Je collecte des informations sur l'auteur et des informations sur l'article pour un terme de recherche dans PubMed. Je reçois le nom de l'auteur, l'année de publication et d'autres informations avec succès en utilisant entrez_fetch
dans le paquet rentrez
. À la suite de mon code exemple:Analyse XML PubMed en utilisant entrer_fetch dans rentrez
library(rentrez)
library(XML)
pubmedSearch <- entrez_search("pubmed", term = "flexible ureteroscope", retmax = 100)
SearchResults <- entrez_fetch(db="pubmed", pubmedSearch$ids, rettype="xml", parsed=TRUE)

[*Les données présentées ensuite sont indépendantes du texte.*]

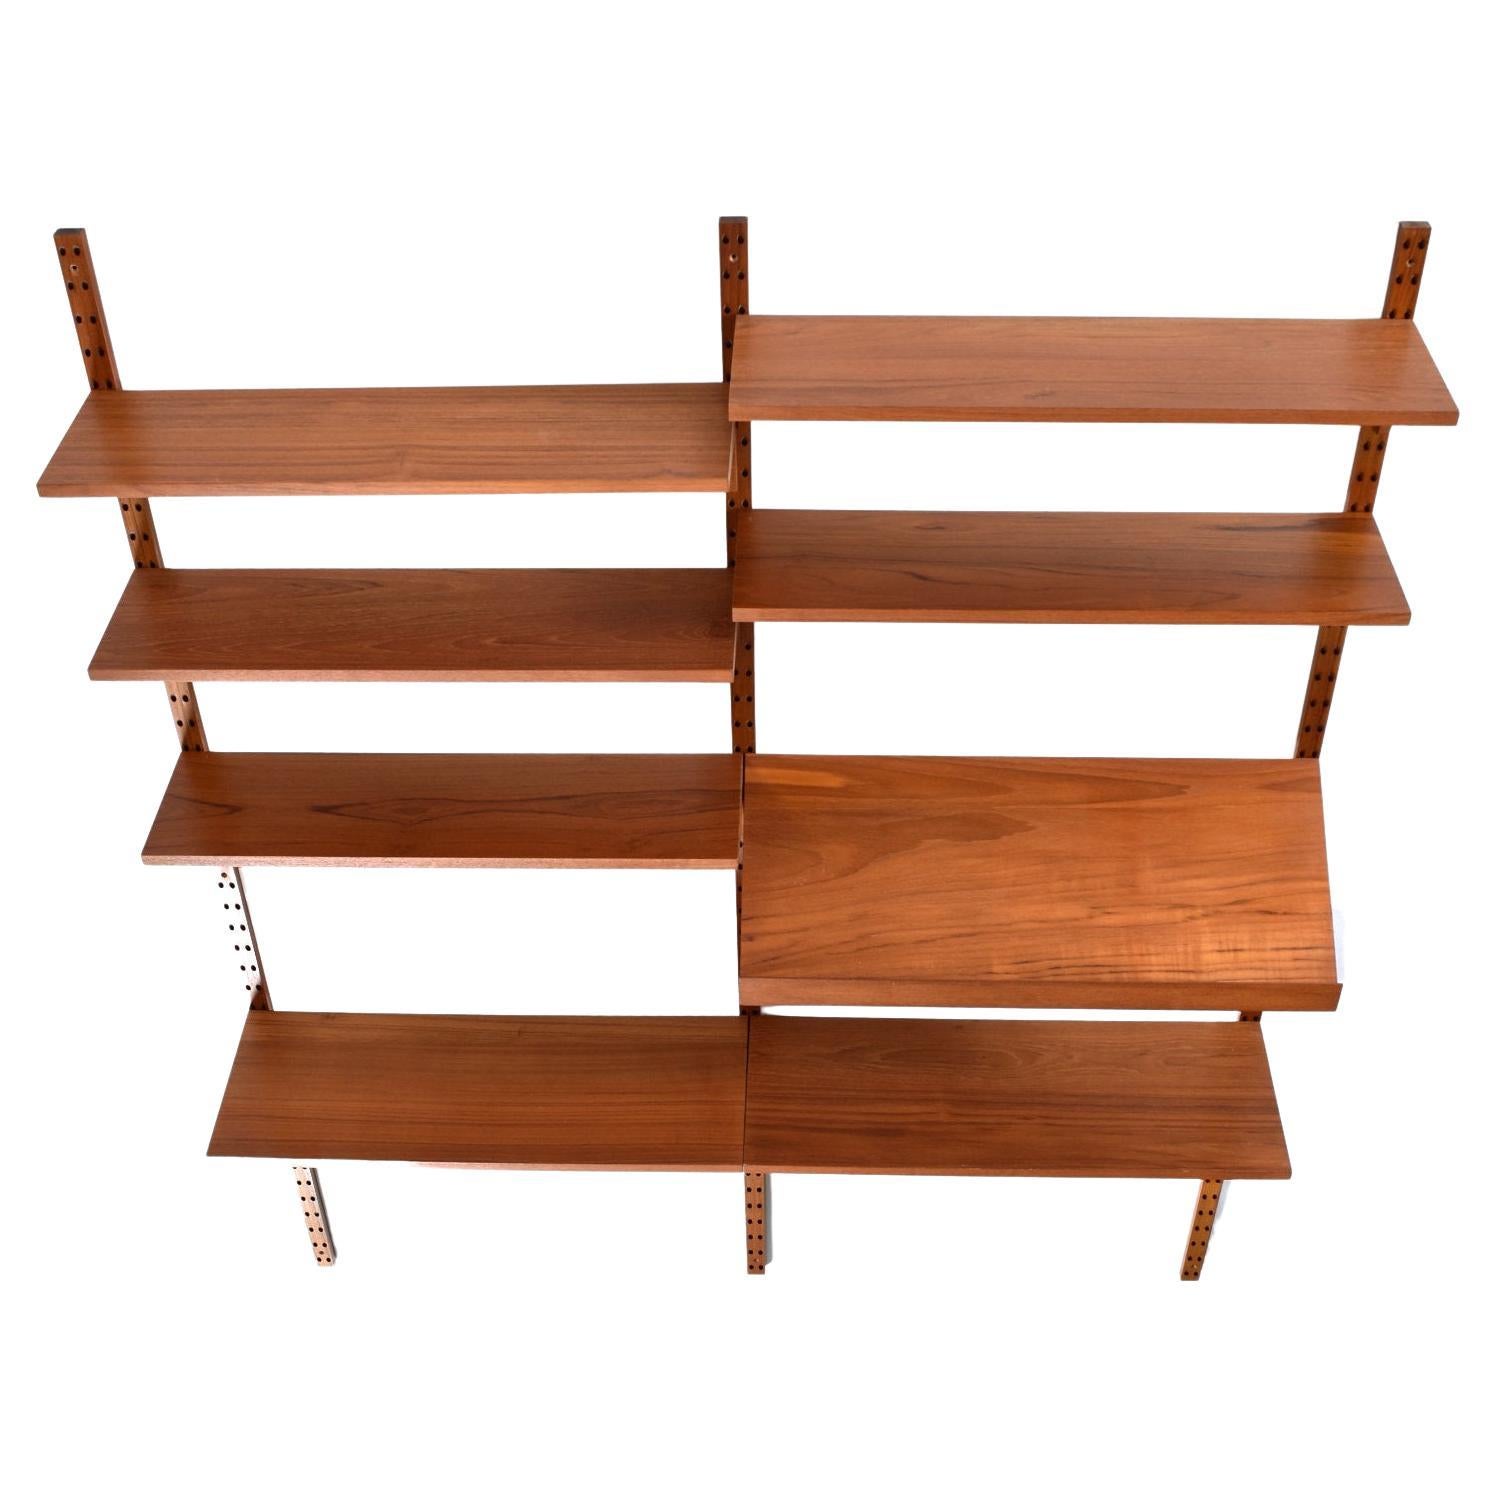 Two-bay Danish teak wall mounted shelving system designed by Poul Cadovius. Vintage 1960s, the CADO’s modular shelving system remains an everlasting icon. The ingenious design allows one to easily customize the height, position and amount of
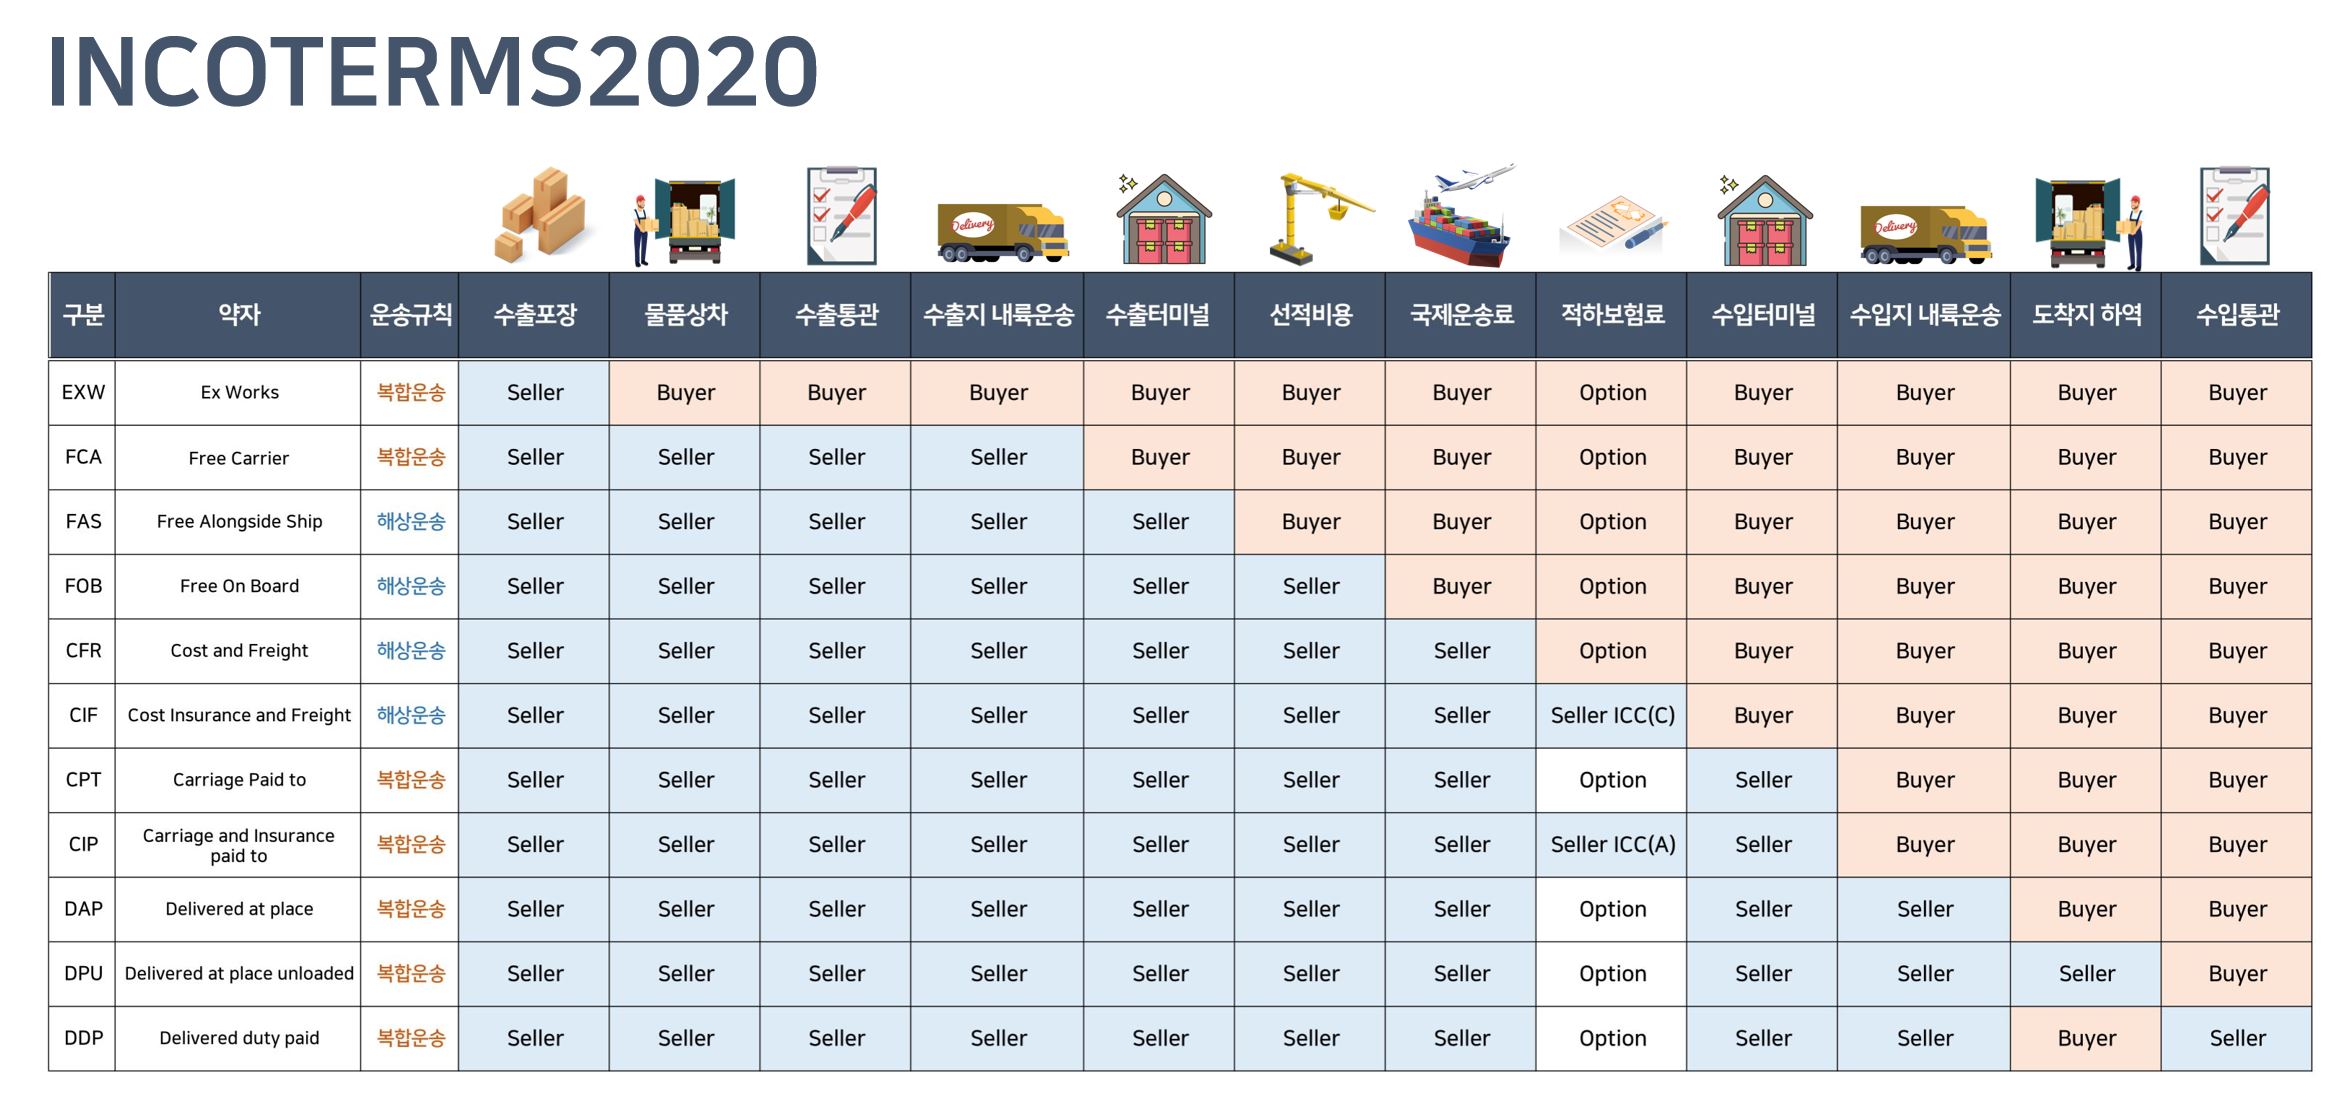 Incoterms 2020 Quick Reference Chart 0616

First_Name <- xpathSApply(SearchResults, "//Author", function(x) {xmlValue(x[["ForeName"]])})
Last_Name <- xpathSApply(SearchResults, "//Author", function(x) {xmlValue(x[["LastName"]])})
PubYear <- xpathSApply(SearchResults, "//PubDate", function(x) {xmlValue(x[["Year"]])})
PMID <- xpathSApply(SearchResults, "//ArticleIdList", function(x) {xmlValue(x[["ArticleId"]])})
Malgré obtenir toutes les informations dont je avais besoin, j'ai un problème à déterminer quels auteurs sont pour lesquels PMID. C'est parce que la longueur des auteurs est différente pour chaque PMID. Par exemple, si j'ai analysé les informations sur les auteurs pour 100 articles comme dans mon code, j'obtiens plus de 100 noms d'auteurs et je ne peux pas les associer aux PMID respectifs. Dans l'ensemble, je voudrais avoir une trame de données de sortie comme ceci:
PMID First_Name Last_Name PubYear
28221147 Carlos Torrecilla Ortiz 2017
28221147 Sergi Colom Feixas 2017
28208536 Dean G Assimos 2017
28203551 Chad M Gridley 2017
28203551 Bodo E Knudsen 2017
donc de cette façon, je ne sais quels sont les auteurs sont associés à qui PMID et utile pour une analyse ultérieure. Juste pour la note, ceci est un petit exemple de mon code. Je collecte plus d'informations en utilisant XML
l'analyse via entrez_fetch
dans le paquet rentrez
.
Ce problème m'inquiète vraiment et j'apprécierais vraiment n'importe quelle aide ou direction. Merci pour vos efforts et votre aide à l'avance.